In the previous articles, we've discussed replication — copying data across multiple servers. But what happens when those servers can't communicate with each other?
This is where the CAP theorem comes in. It defines the fundamental trade-off that every distributed database must make. Understanding CAP is essential because it explains why databases like DynamoDB, Cassandra, and PostgreSQL behave differently under failure conditions.
In this article, we'll cover:
- What the CAP theorem actually says (and what it doesn't)
- How real databases position themselves on the CAP spectrum
- How DynamoDB lets you choose consistency on a per-read basis
Core Concepts
The Three Properties
What C, A, and P actually mean.
Consistency (C)
Every read receives the most recent write or an error. All nodes see the same data at the same time.

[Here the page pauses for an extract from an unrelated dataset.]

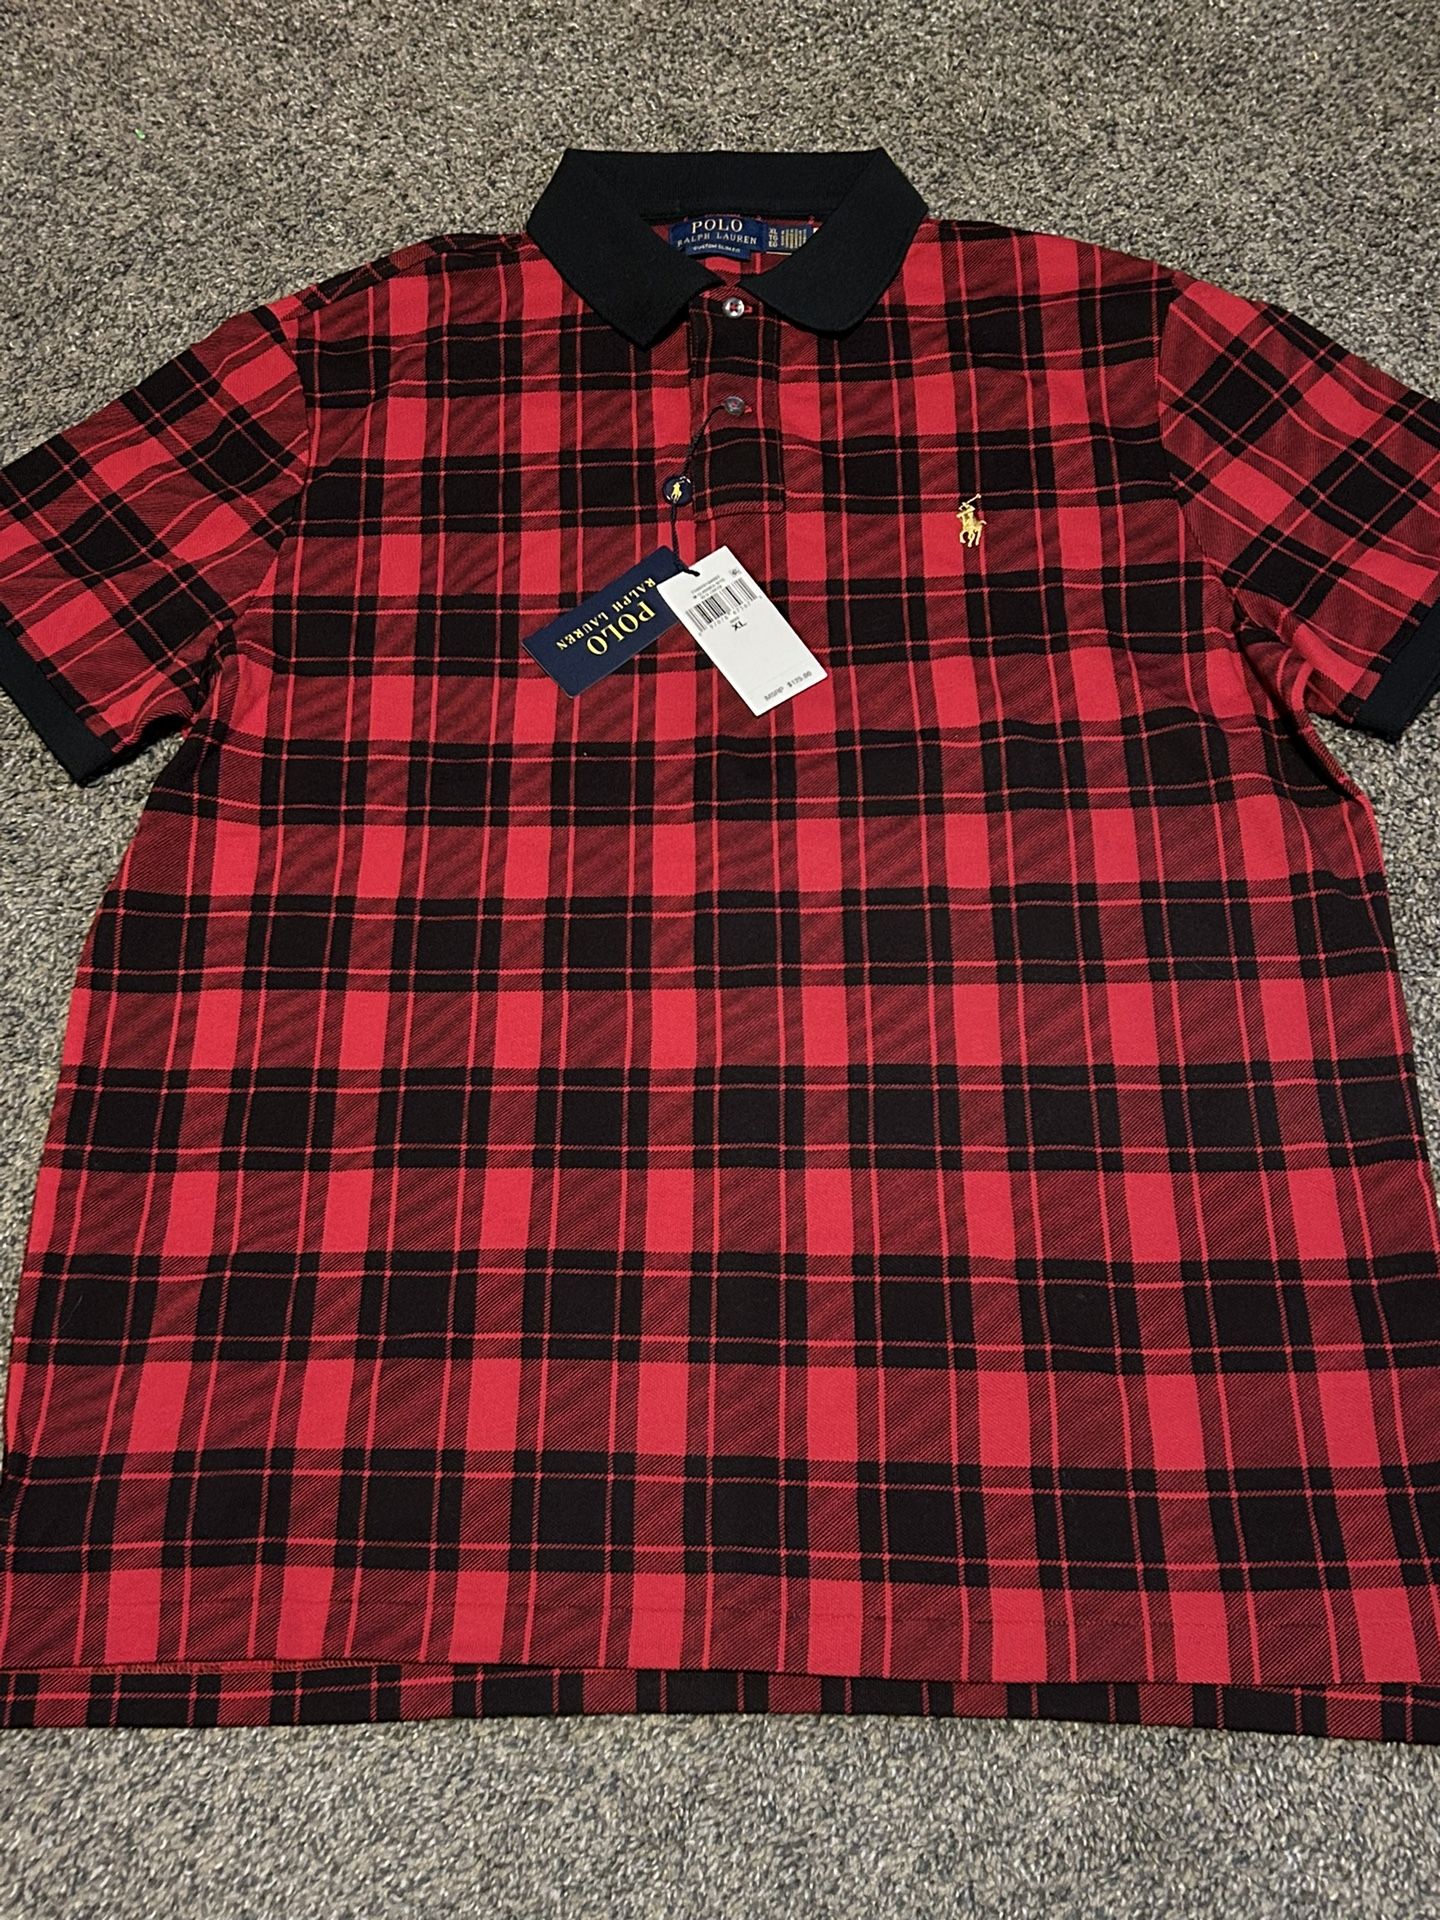 Ralph Lauren Red & Black Polo Shirt (Men’s XL)

Example: You update your username to "Bob." If the system is consistent, every subsequent read from any node returns "Bob" — never the old value "Alice."
Availability (A)
Every request receives a non-error response, even if some nodes are down. The system always responds.
Example: Even if one database server crashes, the system still returns data. It might be slightly stale, but it responds — no errors, no timeouts.
Partition Tolerance (P)
The system continues to operate even when network communication between nodes is lost. Messages between servers can be dropped or delayed.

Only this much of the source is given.